The idea of the C-suite did not really materialize until the 1920s when Alfred Sloan, the hugely successful chief executive officer (CEO) of General Motors, decided to distribute profit and loss (P&L) responsibility across his division managers in response to shareholder and regulator demand for more accountability.[1] 

Because of General Motors’ success with this new P&L model, business leaders across the world adopted it for their own organizations. That model lasted some 60 years until the 1980s when CEOs realized that in order to drive organizational change, they needed executives with technical and functional specialties.[1] CEOs began creating new C-level executive positions like chief marketing officers (CMOs), chief financial officers (CFOs), and, yes, CIOs. The idea of a C-level executive dedicated to security did not really emerge until the late 1990s, 10 years after the CIO position had become firmly established in modern business.

Steve Katz became the first CISO in 1995 when Citigroup created the role to respond to a highly publicized Russian malware incident.[2][3] Since then, the security industry specifically and business leadership in general have been thinking and rethinking the need and the responsibilities for such a person. 

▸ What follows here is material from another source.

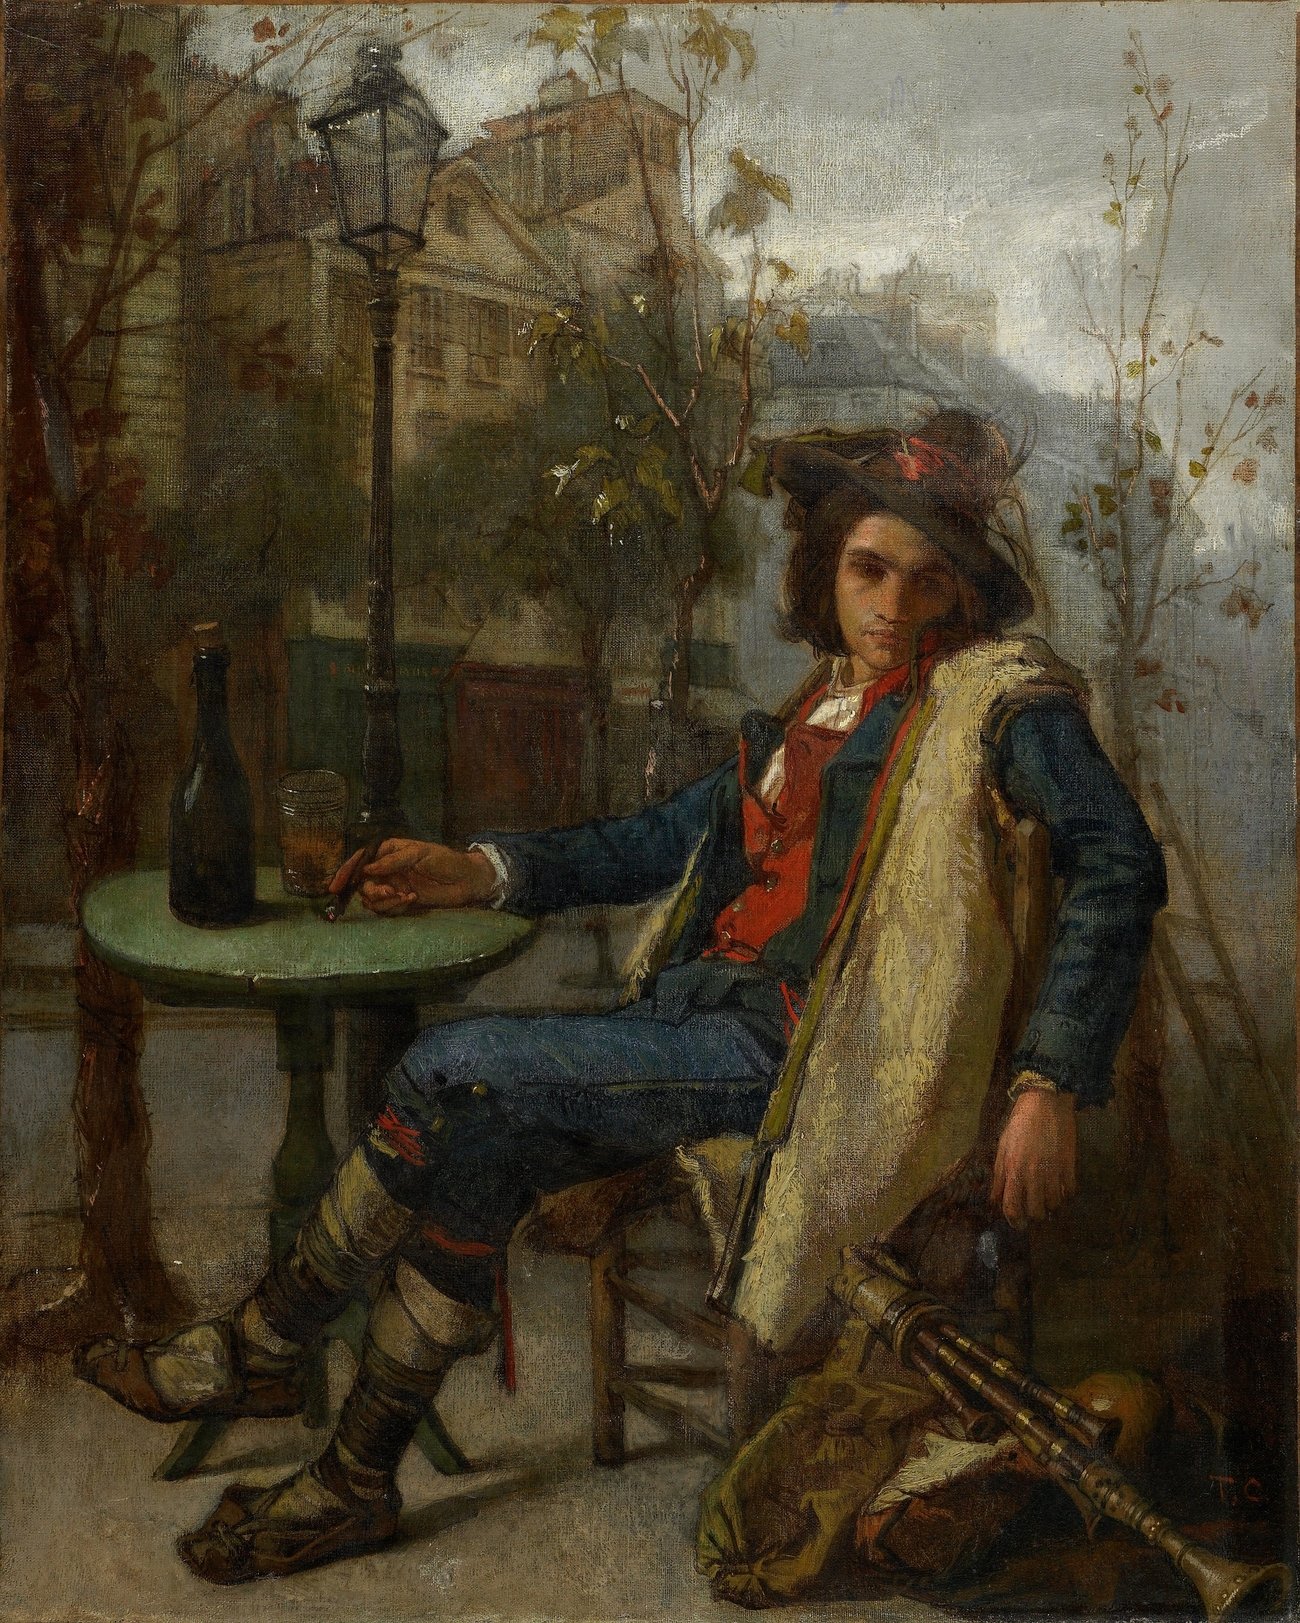 Young Italian Street Musician (c. 1877)

The first practitioners came out of the technical ranks. Vendor solutions to mitigate the cyber threat ran on networks and workstations. In order to manage those solutions, it was helpful to have people who understood that world, but this was a new thing for the techies; trying to translate technical risk to a business leader did not always go very well. Security techies have always been, and still are, passionate about their responsibilities. The early trailblazers tended to say “no” to any new project because of the potential security risk. The business leaders did not want to deal with these people who wanted to make organizational decisions with no thought about the bottom line. It became convenient to tuck these kinds of people underneath the CIO organization. CISOs began working for the CIO because, from the C-suite perspective, all of that technical stuff belonged in one basket, and the security people did not know how to talk to the business people.

As business leaders began applying resources to mitigate cyber risk, other areas of security risk started to emerge: physical security, compliance, fraud prevention, business continuity, safety, ethics, privacy, brand protection, etc. The idea of the CSO role began to gain popularity with business leaders because they needed someone to look at the entire business, not just cyber security risk to the business, but general security risk to the business. CSO Magazine launched in 2002 to cater to that crowd.[4]. 

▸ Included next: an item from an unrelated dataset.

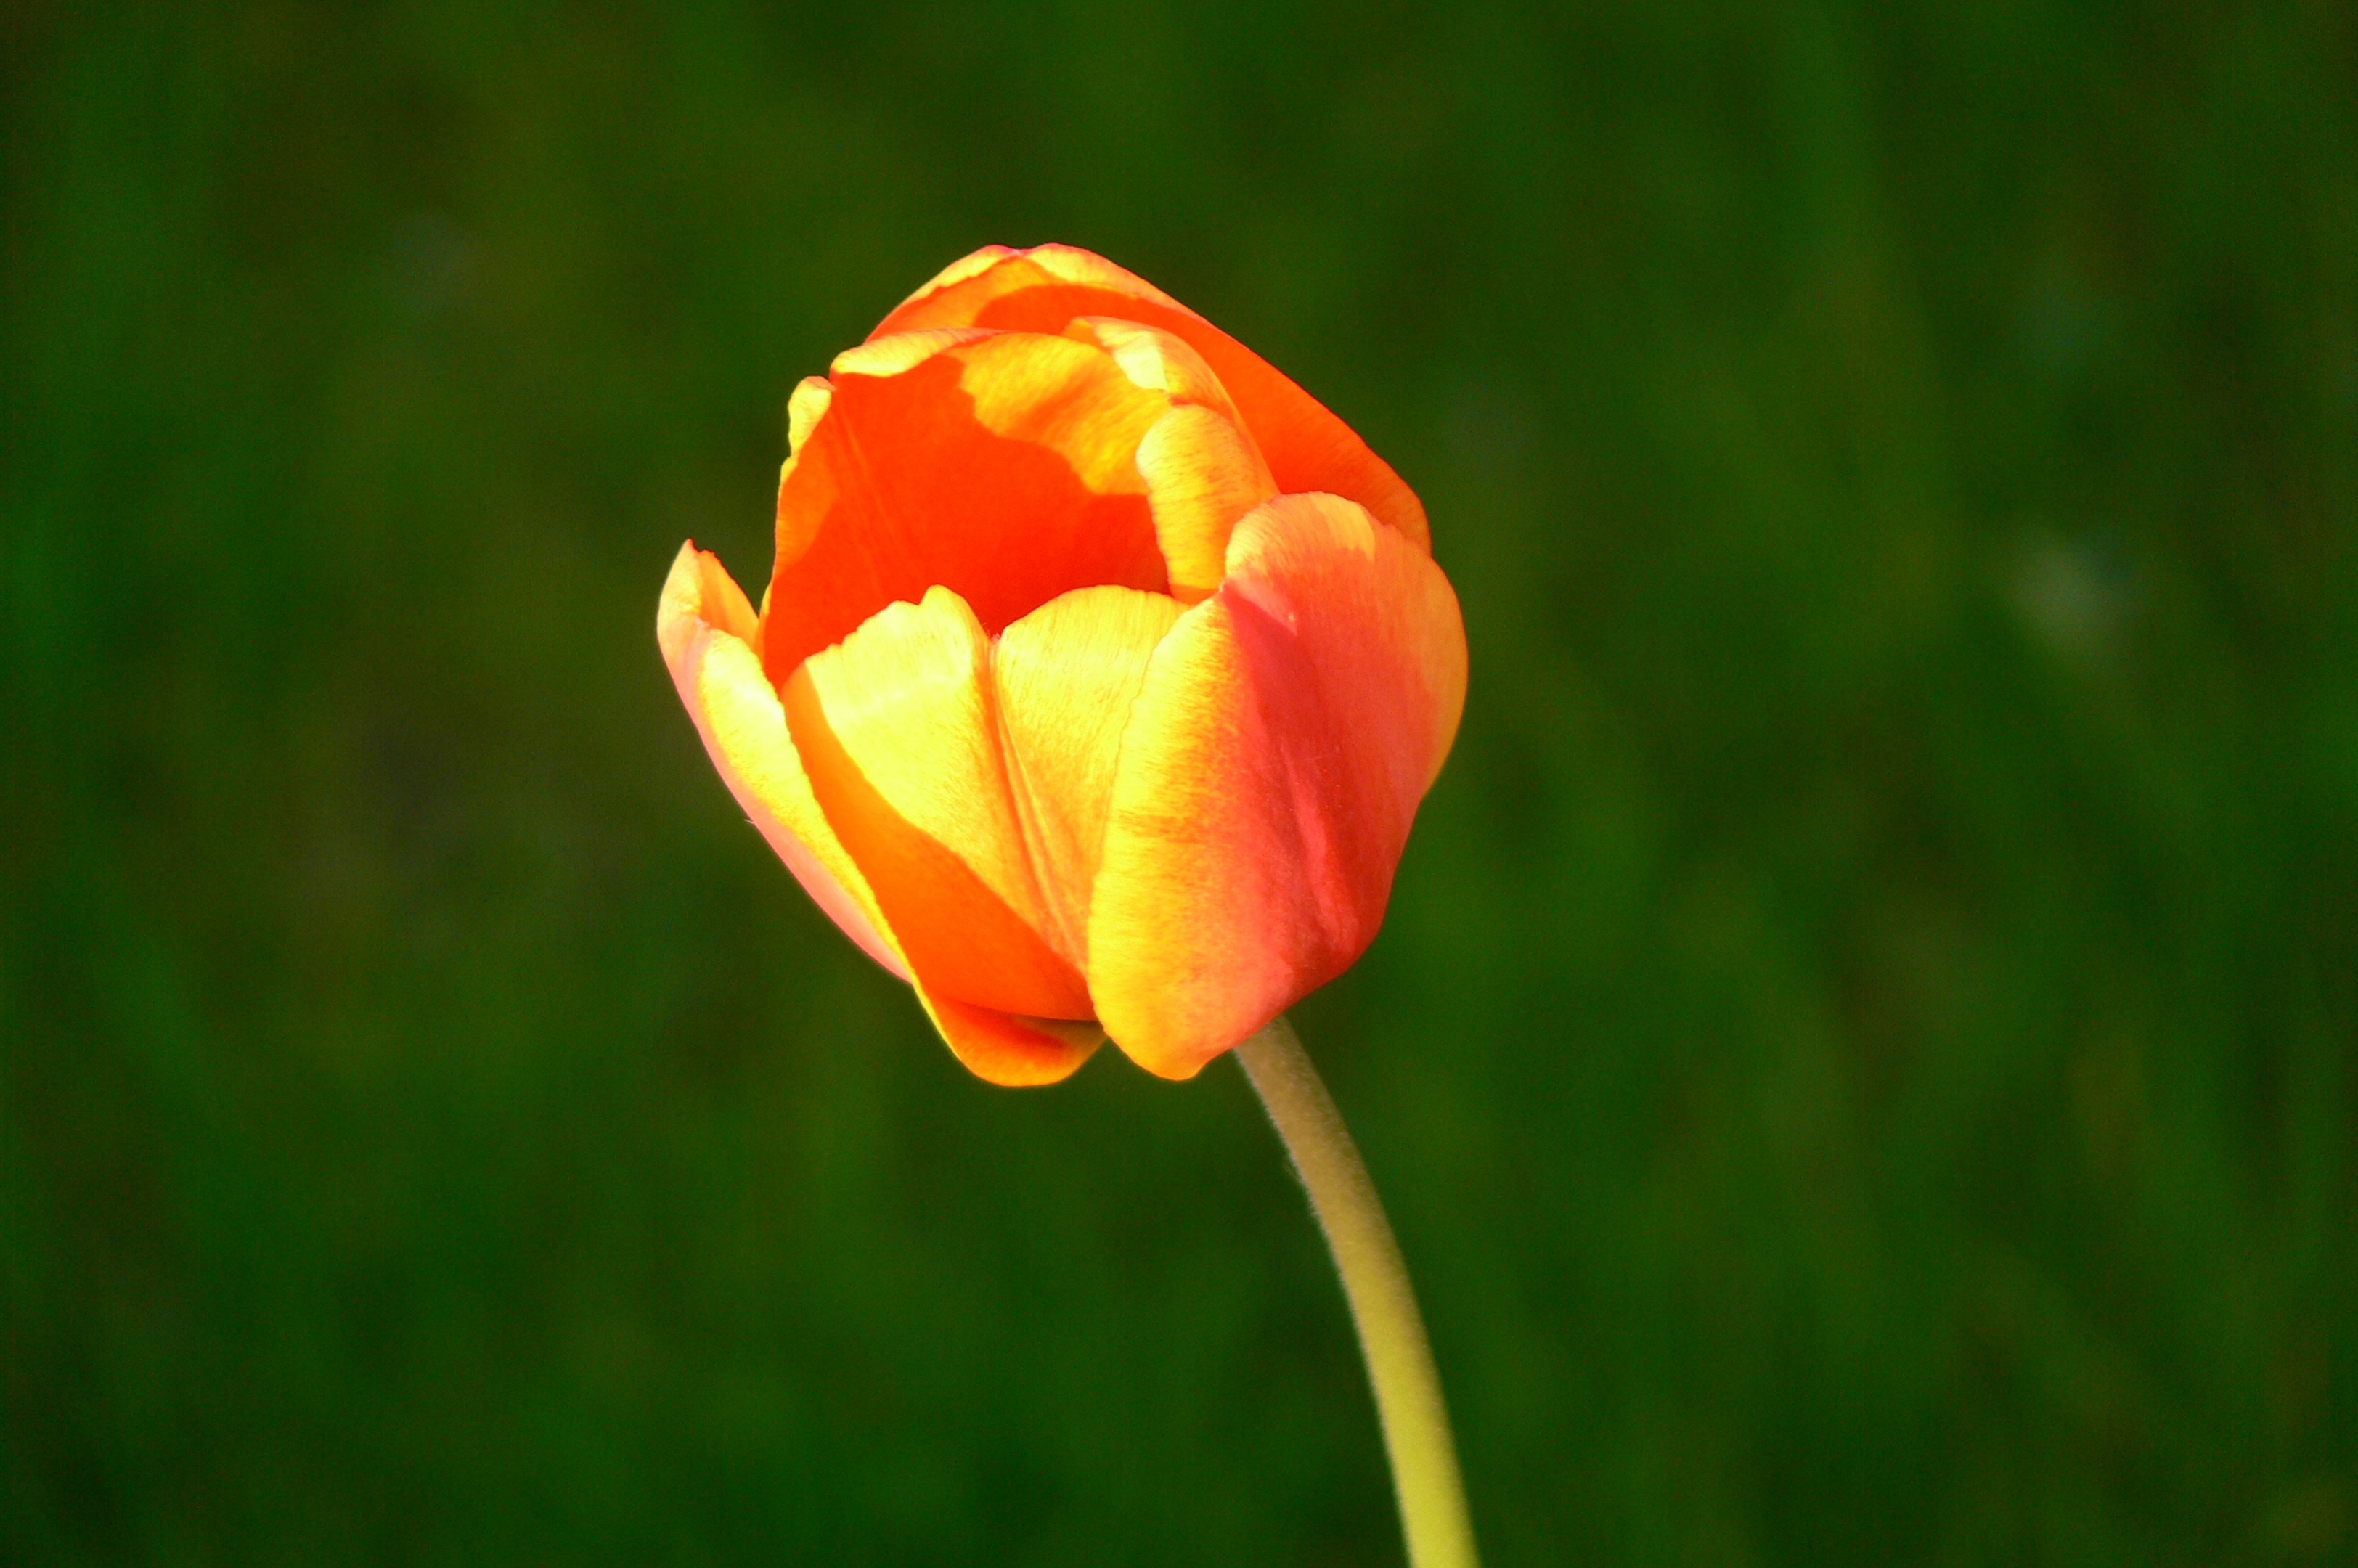 yellow and orange petaled flower

By the mid-2000s, the industry had settled on tucking the security function for an organization under the IT function for an organization. In other words, the CISO works for the CIO. This is not bad per se, and this arrangement works in many organizations. The IT folks generally handle the daily automation functions while the security teams have more of an oversight role in terms of security architecture, policy, risk assessment, and security operations. 

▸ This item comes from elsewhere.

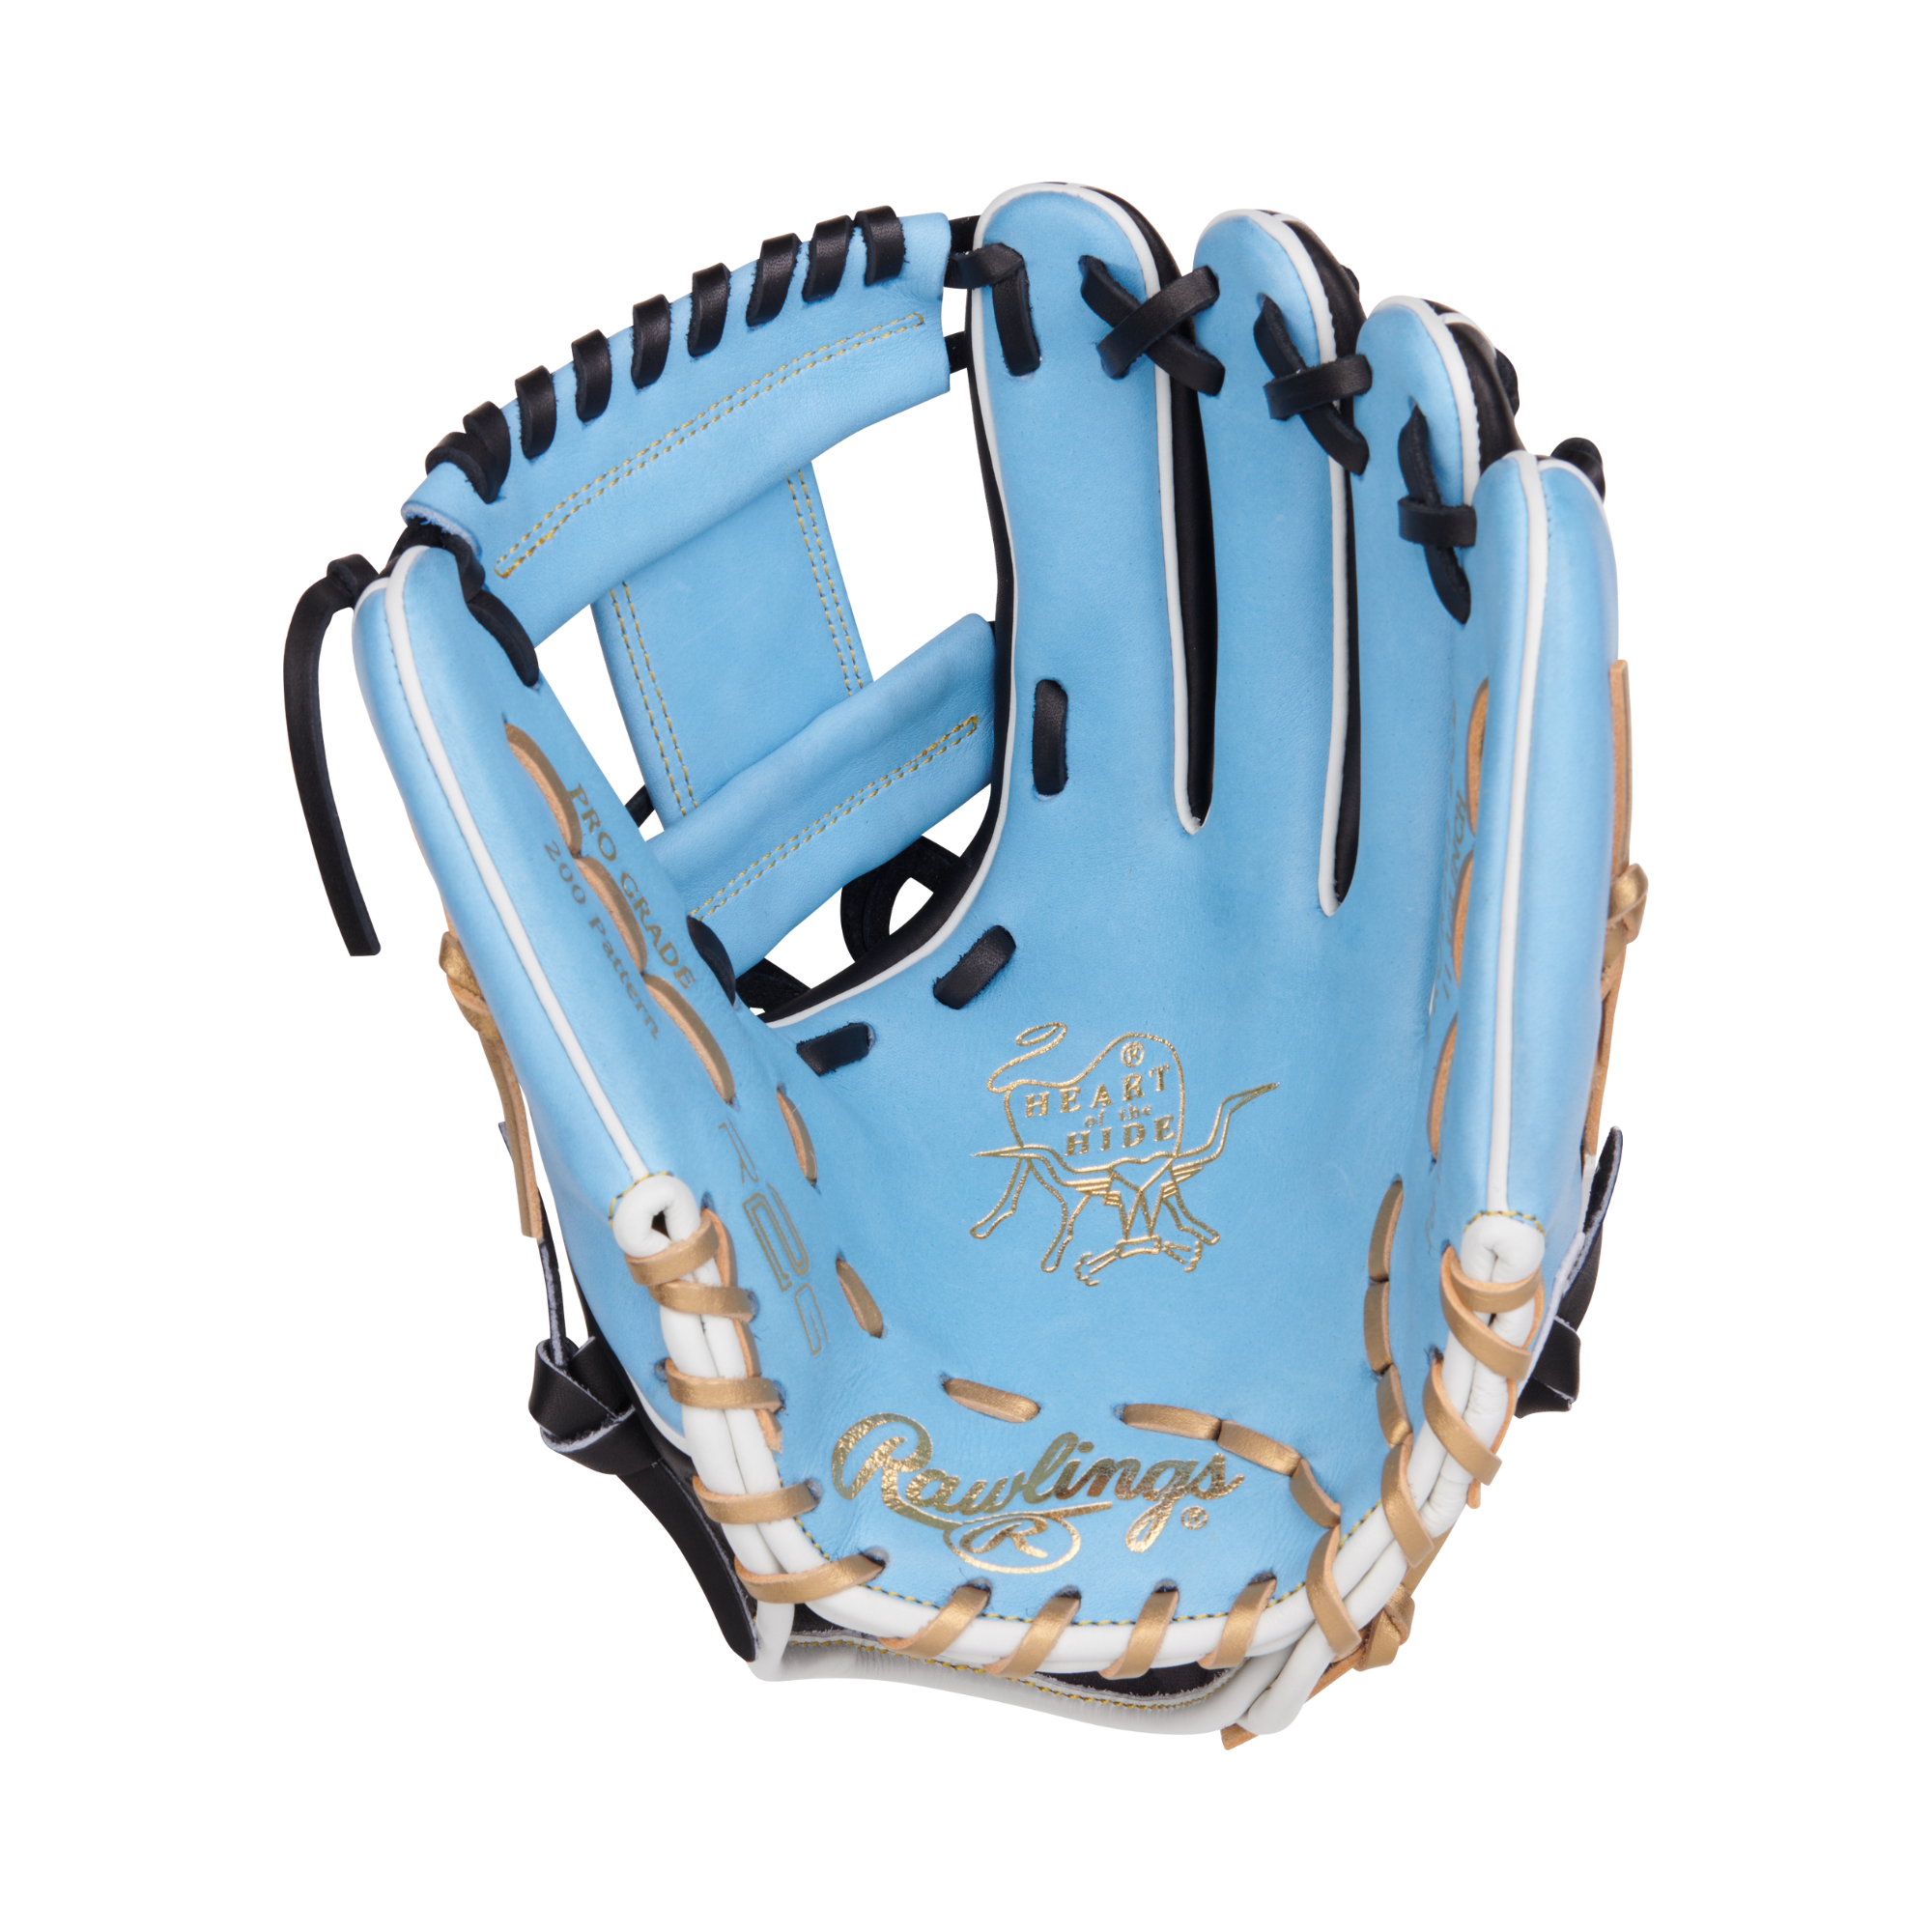 Rawlings Heart Of The Hide R2G Technology Series Baseball Glove 11.75" RHT

Since then, the industry has been in flux. Not every company is organized the same way. While the CIO role has made its way to the senior executive suite in some companies (Intel Corp. and McAfee to name two), that is by no means the norm. The CSO role is likewise lagging. Both tend to be lodged at the second tier of executives in many companies. And while it is not universal, the CISO tends to work for the CIO.

The Story

All of this history is essential background to the key messages in Baich’s book Winning as a CISO. He published it in 2005 and was quite rightly taking a look at where the CISO role was heading next. He organized the book as a fictional story about an established company in which the CEO had decided to hire his first CISO. His executive leadership team – the CIO, the general counsel, and the chief operating officer (COO) – had to decide what the new CISO’s responsibilities were and where this individual would fit in the organizational structure. Once the CEO made those decisions, the newly hired CISO had to decide how to execute this new role.

The Tech

The book is a quick read, with only 115 pages including the end credits, but it is a primer on what a CISO should do for any organization. In essence, any organization could use Baich’s book as a basic job description for a new CISO hire.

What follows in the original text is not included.